**** Dataset entries

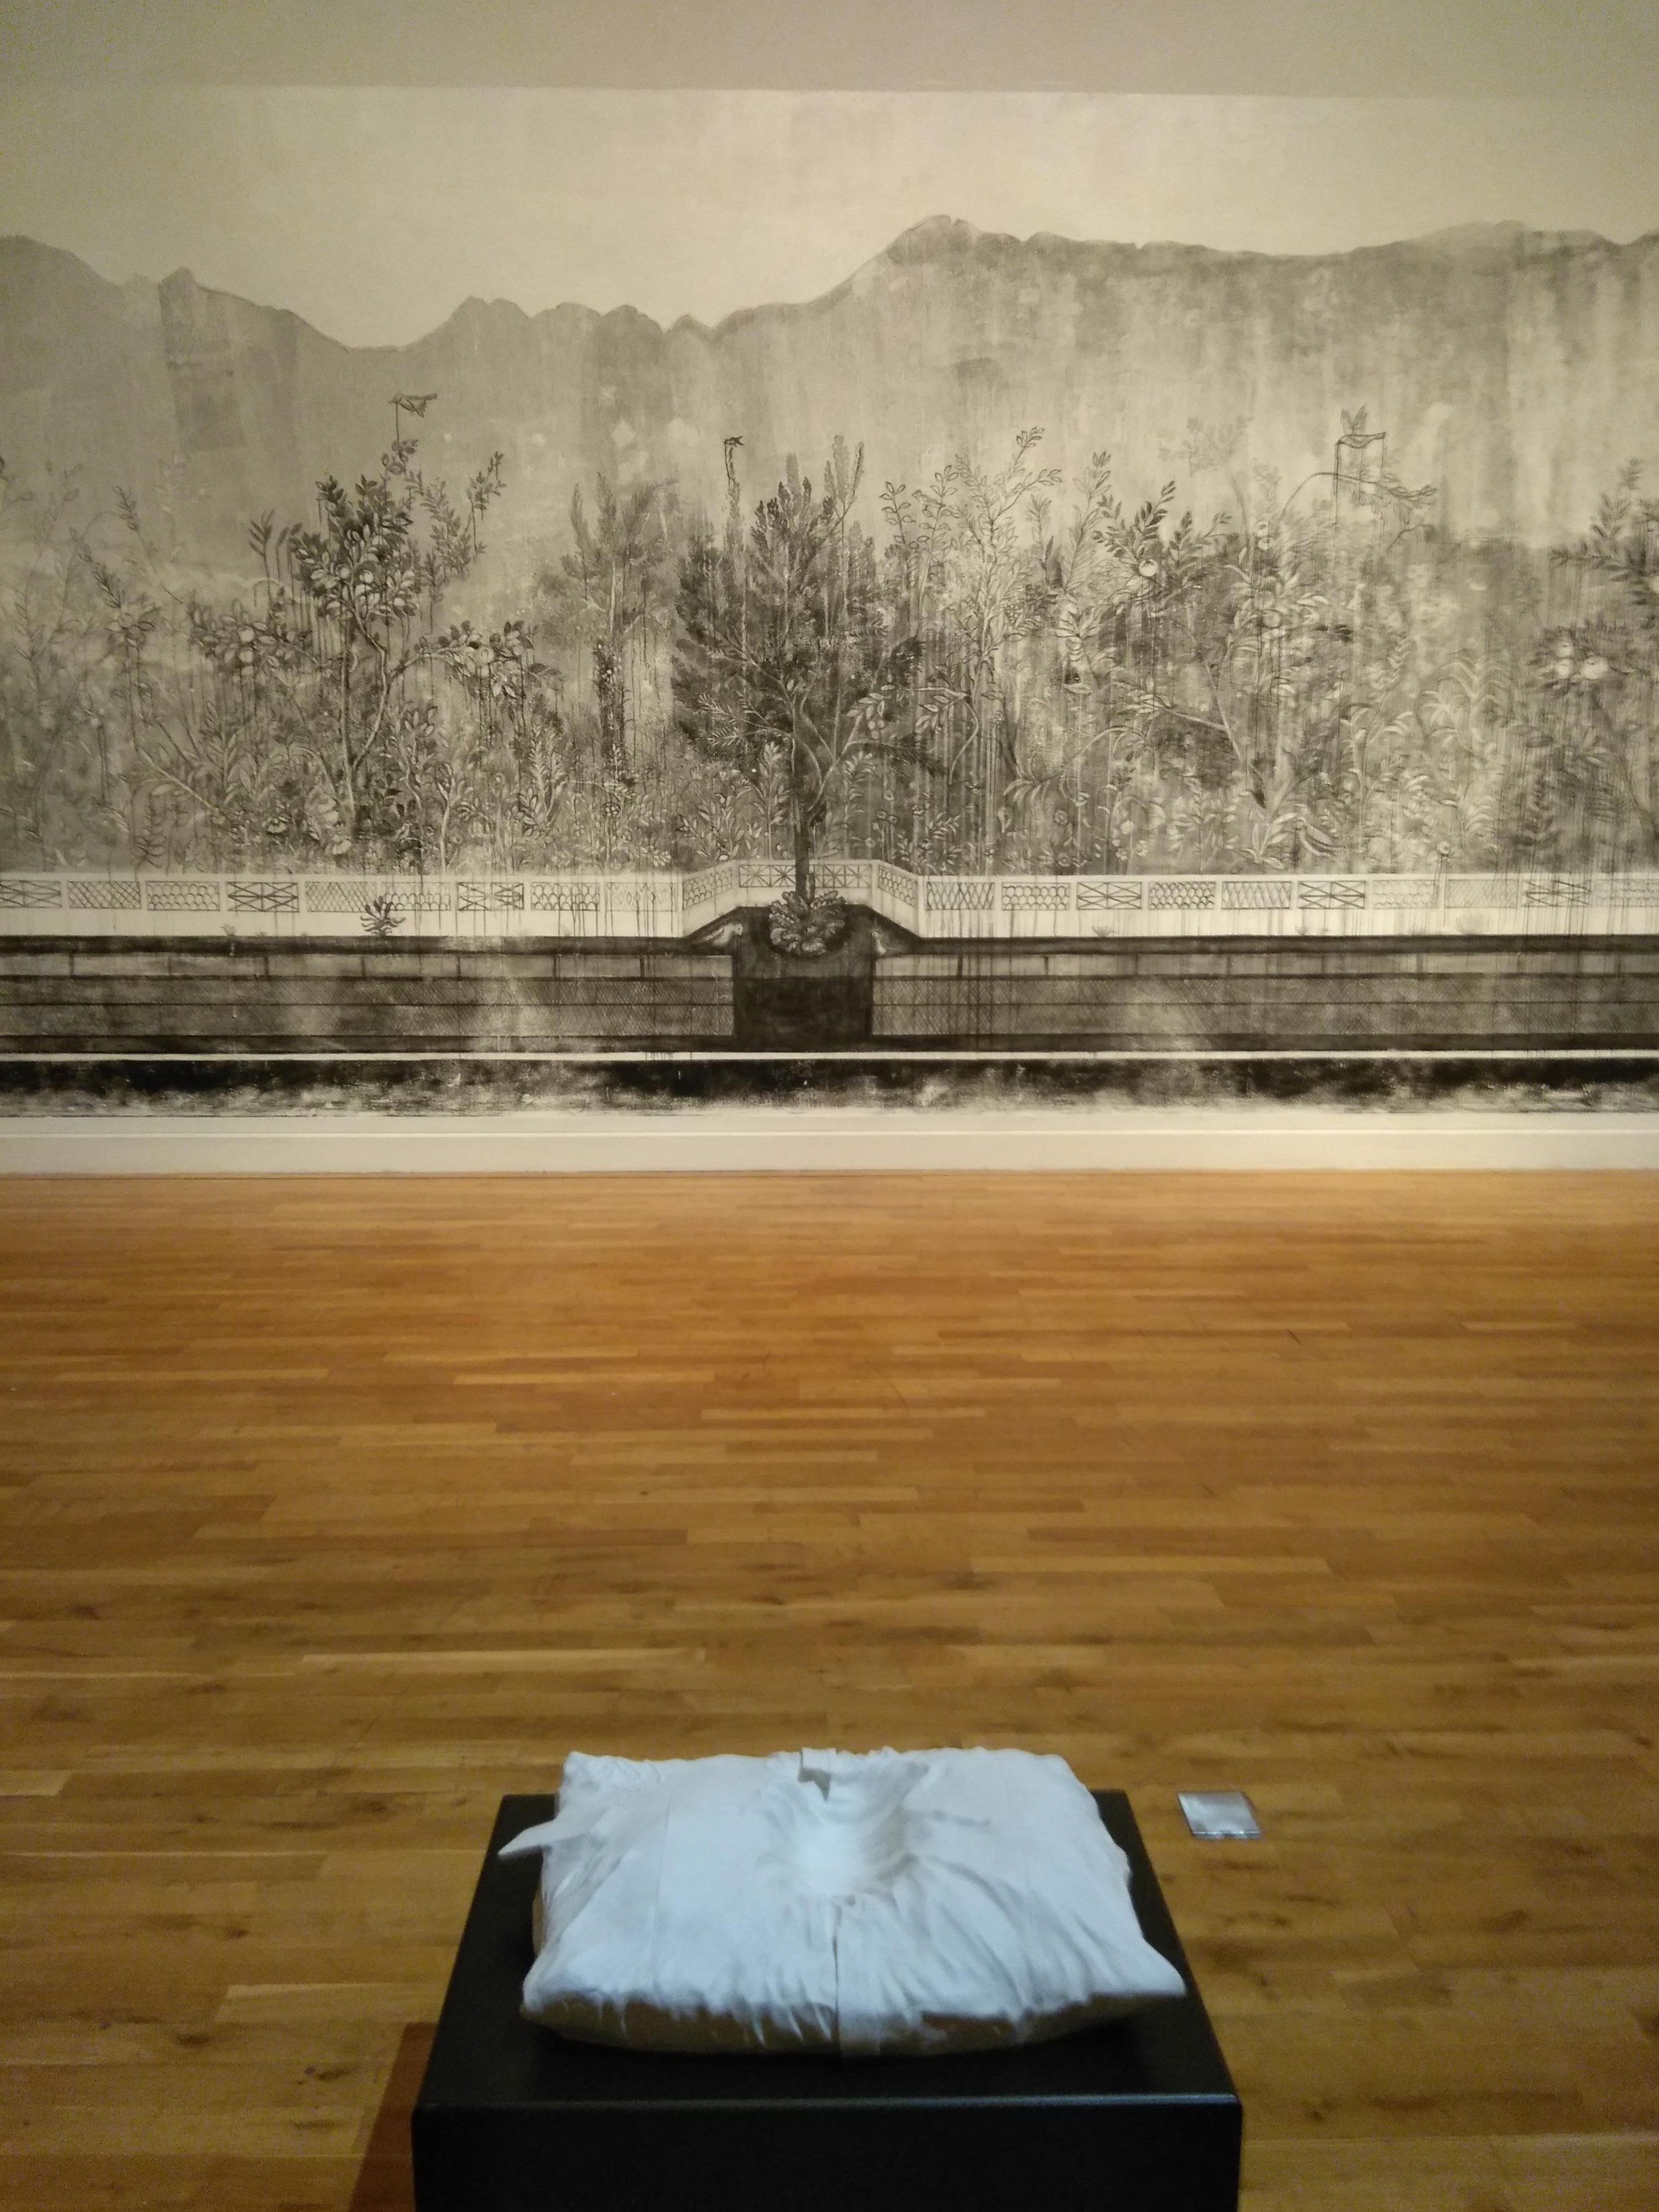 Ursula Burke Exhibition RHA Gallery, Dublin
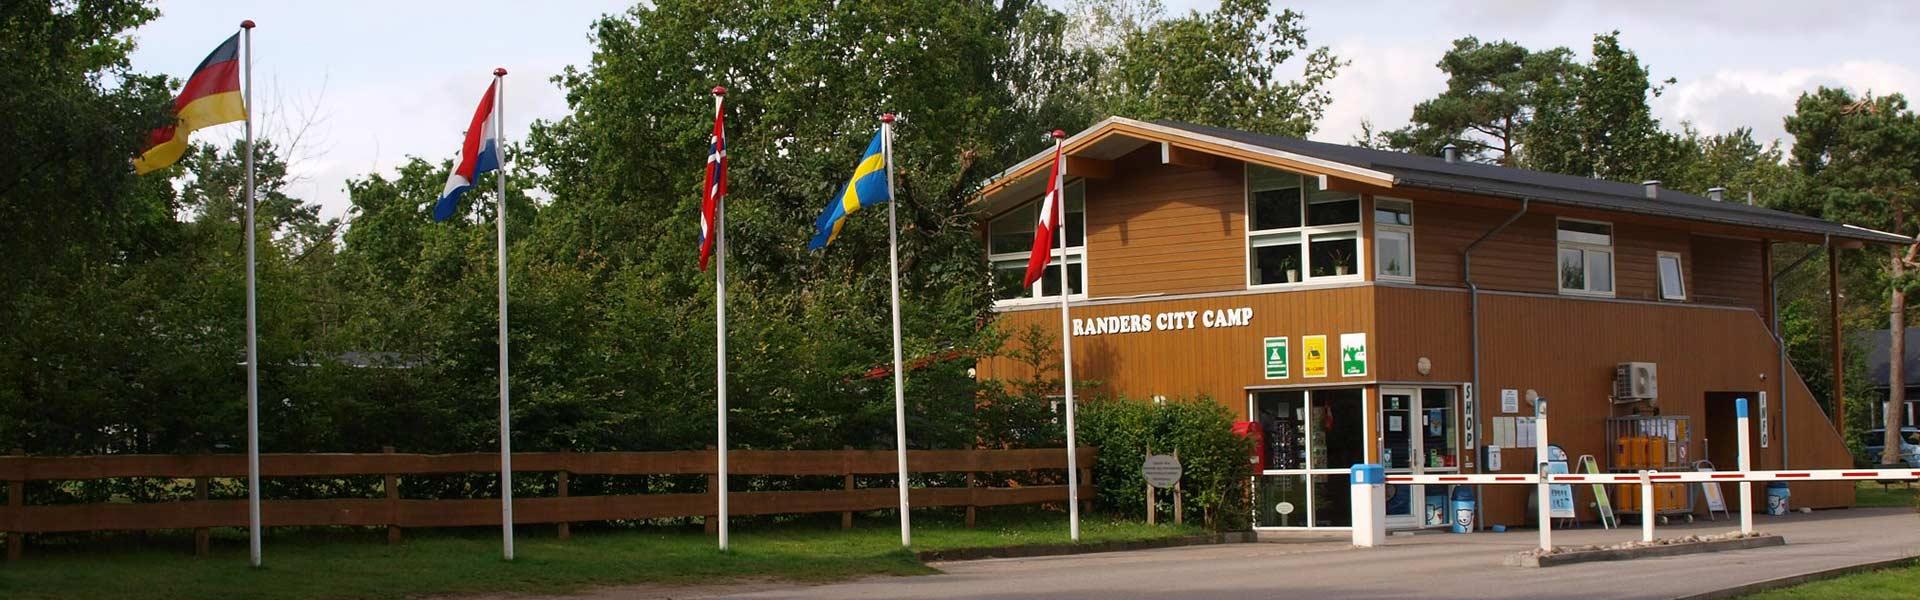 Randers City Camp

********
**** Dataset entries

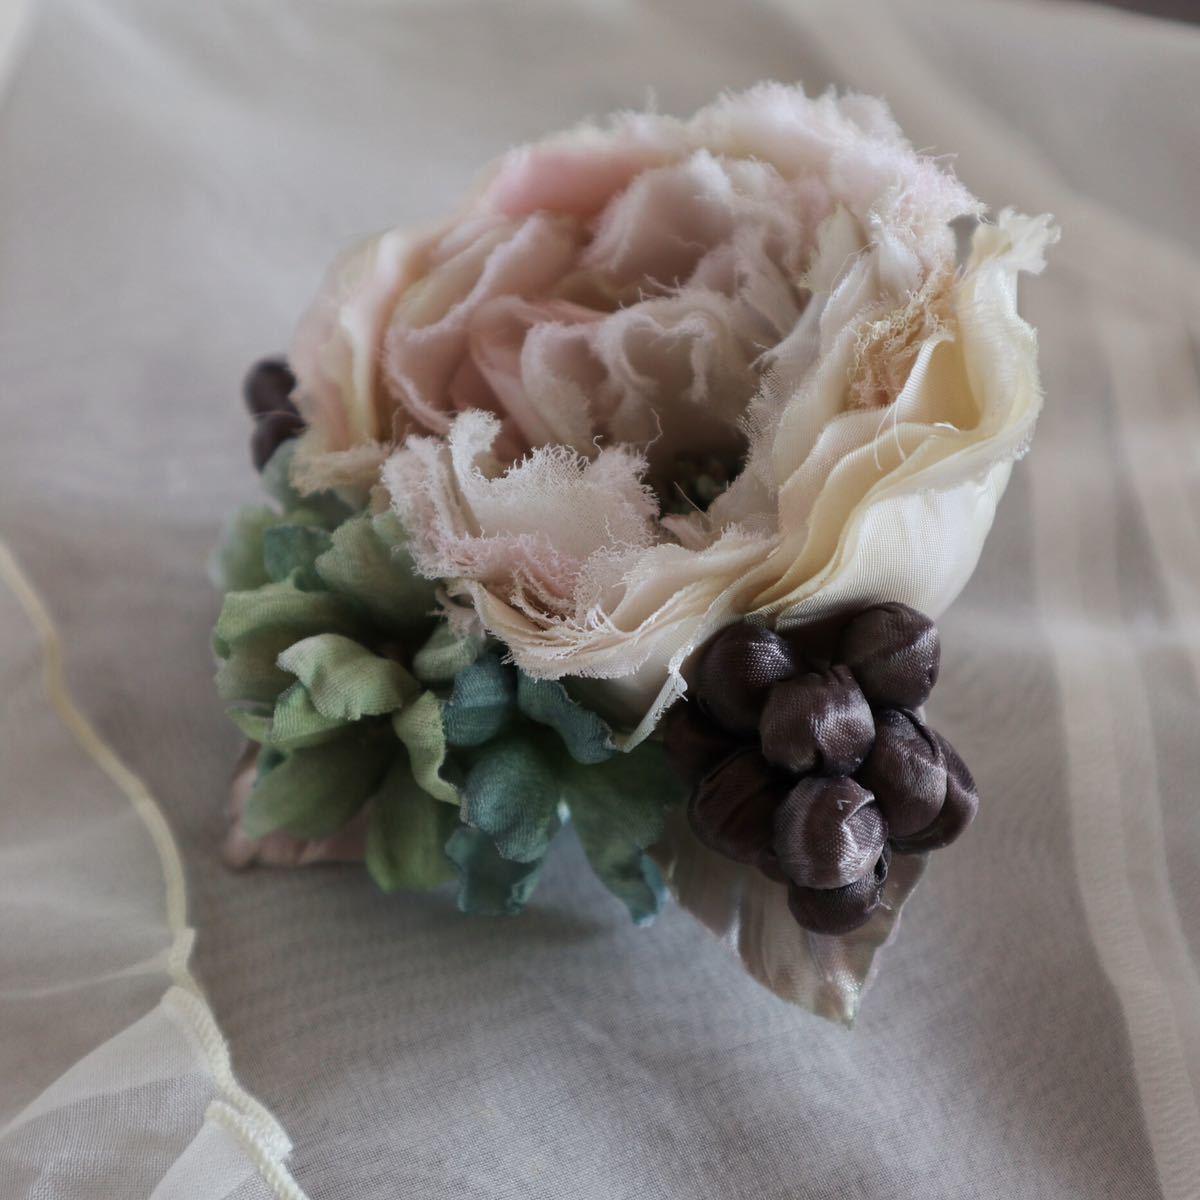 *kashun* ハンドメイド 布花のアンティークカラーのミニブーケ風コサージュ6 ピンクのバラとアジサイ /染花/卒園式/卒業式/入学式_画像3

********
**** Dataset entries

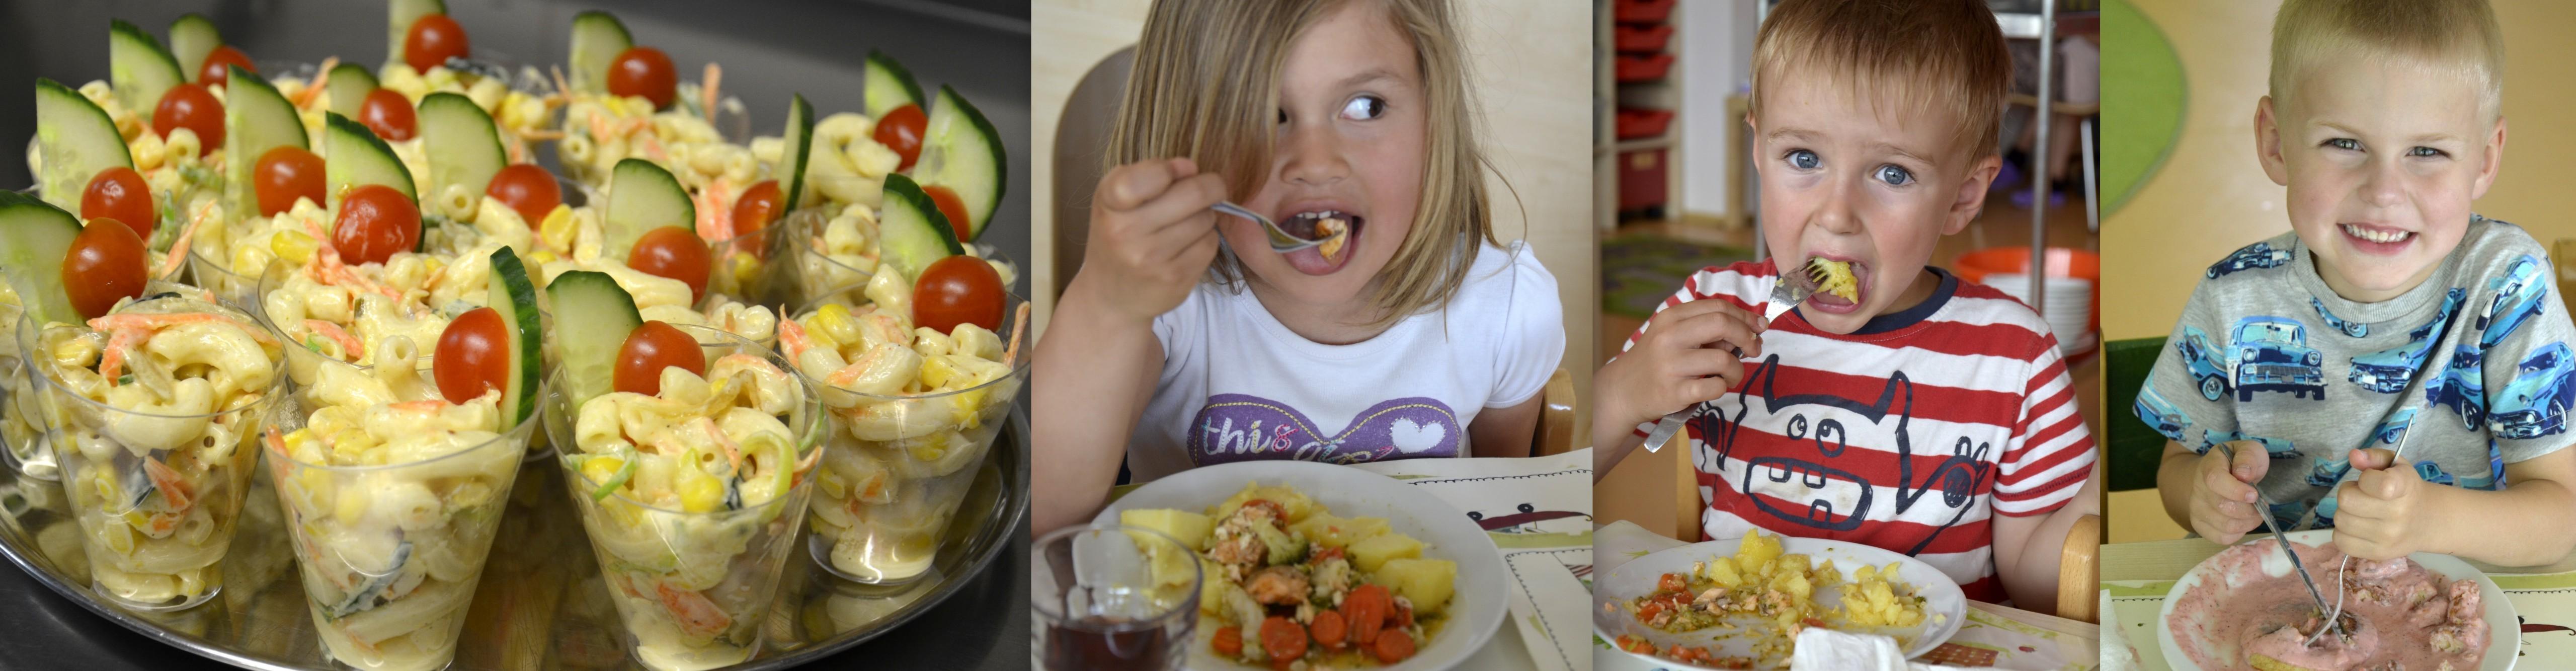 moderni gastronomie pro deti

********

Beginning with the line above that contains "Ursula Burke Exhibition RHA Gallery, Dublin" and ending with the line that contains "Randers City Camp", quote each line exactly, keeping out the pictures.

Solution for this task:
 Ursula Burke Exhibition RHA Gallery, Dublin
 Randers City Camp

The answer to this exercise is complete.